I've decided something—or maybe I decided it a long time ago and am just now admitting it. I don't like the writer E. L. Doctorow. Once upon a time I did. I remember reading and really liking Ragtime. Billy Barthgate was a 50-pages-only book. I read another Doctorow a few years ago. I guess it was okay; I no longer remember either the title or the story. And now I've read World's Fair.

On the back cover a quote from Christopher Lehmann-Haupt of the New York Times reads: "When you finish reading E. L. Doctorow's marvelous novel, you shake your head in disbelief and ask yourself how he has managed to do it." Sorry. Didn't work that way for me. I read the quote, read the book, reread the quote, and now I'm shaking my head in disbelief.

World's Fair is the heartwarming story of a Jewish family's struggles in New York as they go about their lives and eventually take a trip to the 1939 World's Fair. Kind of like the Waltons visiting a big city. "'Night, John-Boy" fits right in.

In spite of my overall opinion, however, four moments in the novel did grab me.

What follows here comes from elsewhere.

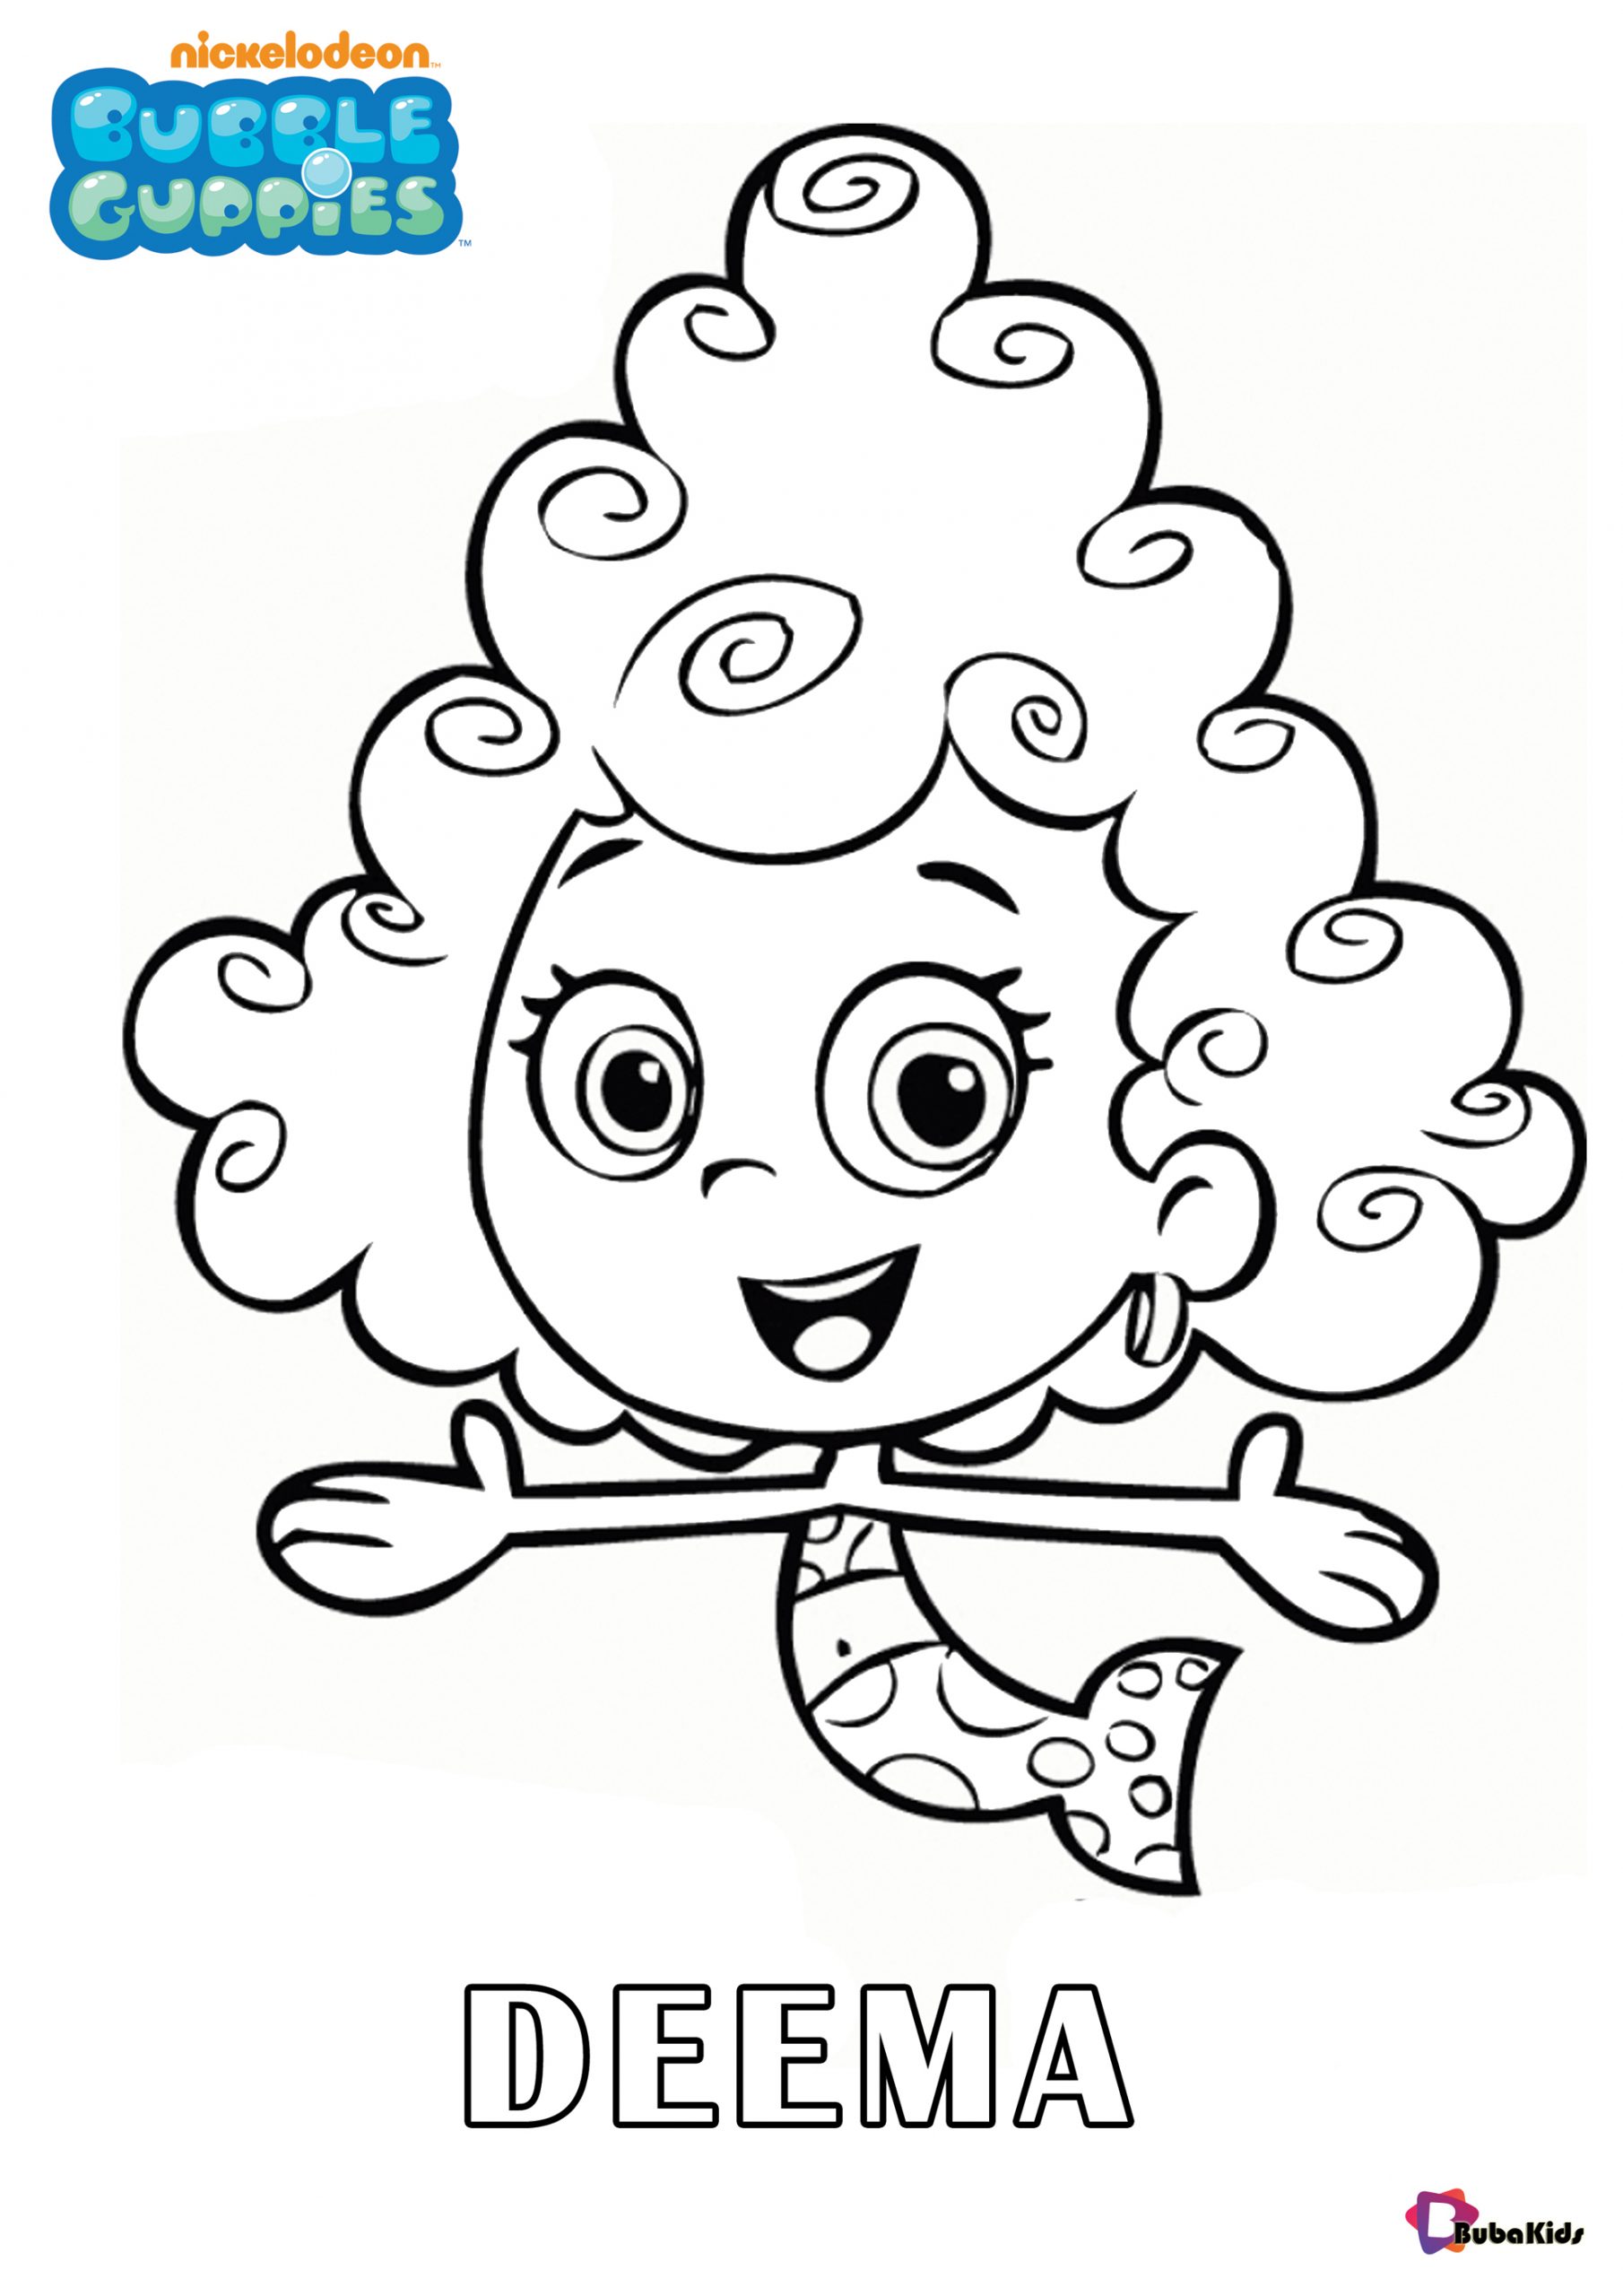 Deema Bubble Guppies character nickelodeon coloring sheet Wallpaper

1) On page 41 there's a really neat transition. The narrator is describing a neighborhood grocery store and ends the paragraph with "I liked this store because of the coffee smell and the sawdust on the floor. I liked sawdust as long as it was dry." The next paragraph begins with "In Irving's Fish Store, the sawdust was often wet." He, of course, doesn't like Irving's nearly as well as the grocery. Cool, huh? Maybe even sweet.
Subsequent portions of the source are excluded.